这个是用来描述文章的,有一个大的dict,然后一片文章是如何进行表示、 Bag of Words or BoW vector representations are the most common used traditional vector representation. Each word or n-gram is linked to a vector index and marked as 0 or 1 depending on whether it occurs in a given document.
An example of a one hot bag of words representation for documents with one word.
局限性: 一方面只是一种counter,没有考虑语义信息;另一方面有些 words 是明显的 relevant than others. BoW representations are often used in methods of document classification where the frequency of each word, bi-word or tri-word is a useful feature for training classifiers. One challenge with bag of word representations is that they don’t encode any information with regards to the meaning of a given word. In BoW word occurrences are evenly weighted independently of how frequently or what context they occur. However in most NLP tasks some words are more relevant than others.

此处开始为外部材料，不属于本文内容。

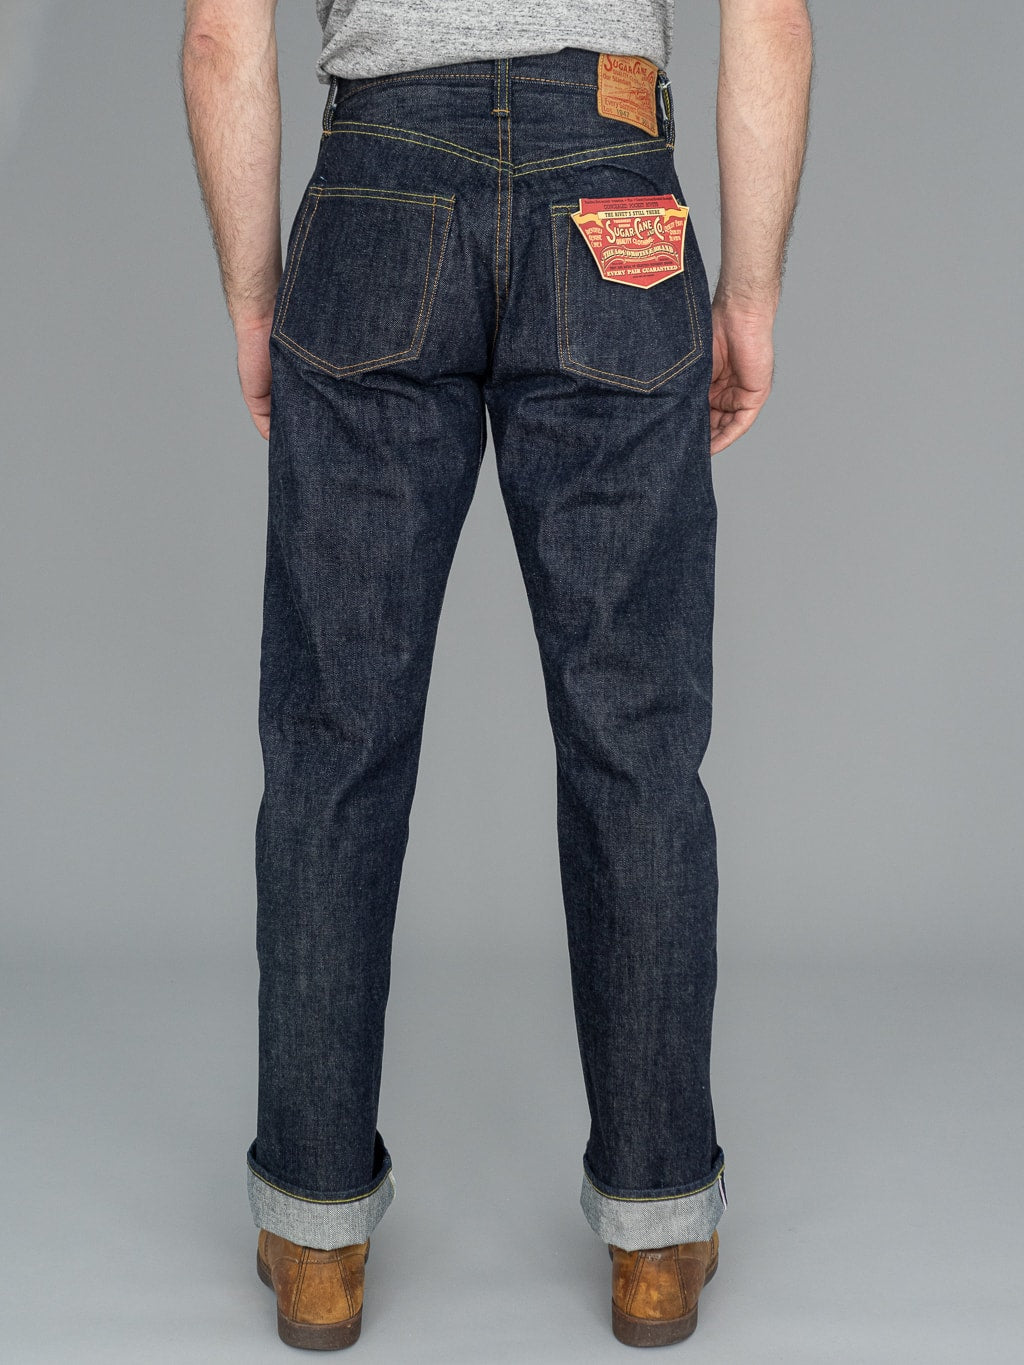 sugar cane SC41947 14.25oz denim 1947 model regular straight jeans back

这个是可以认识是对于 bag of words “relevant” 上的改进:使得 选择的words 更加的 “representative” 文章的调性。 TF-IDF, short for term frequency–inverse document frequency, is a numerical statistic that is intended to reflect how important a word or n-gram is to a document in a collection or corpus. They provide some weighting to a given word based on the context it occurs.The tf–idf value increases proportionally to the number of times a word appears in a document and is offset by the number of documents in the corpus that contain the word, which helps to adjust for the fact that some words appear more frequently than others.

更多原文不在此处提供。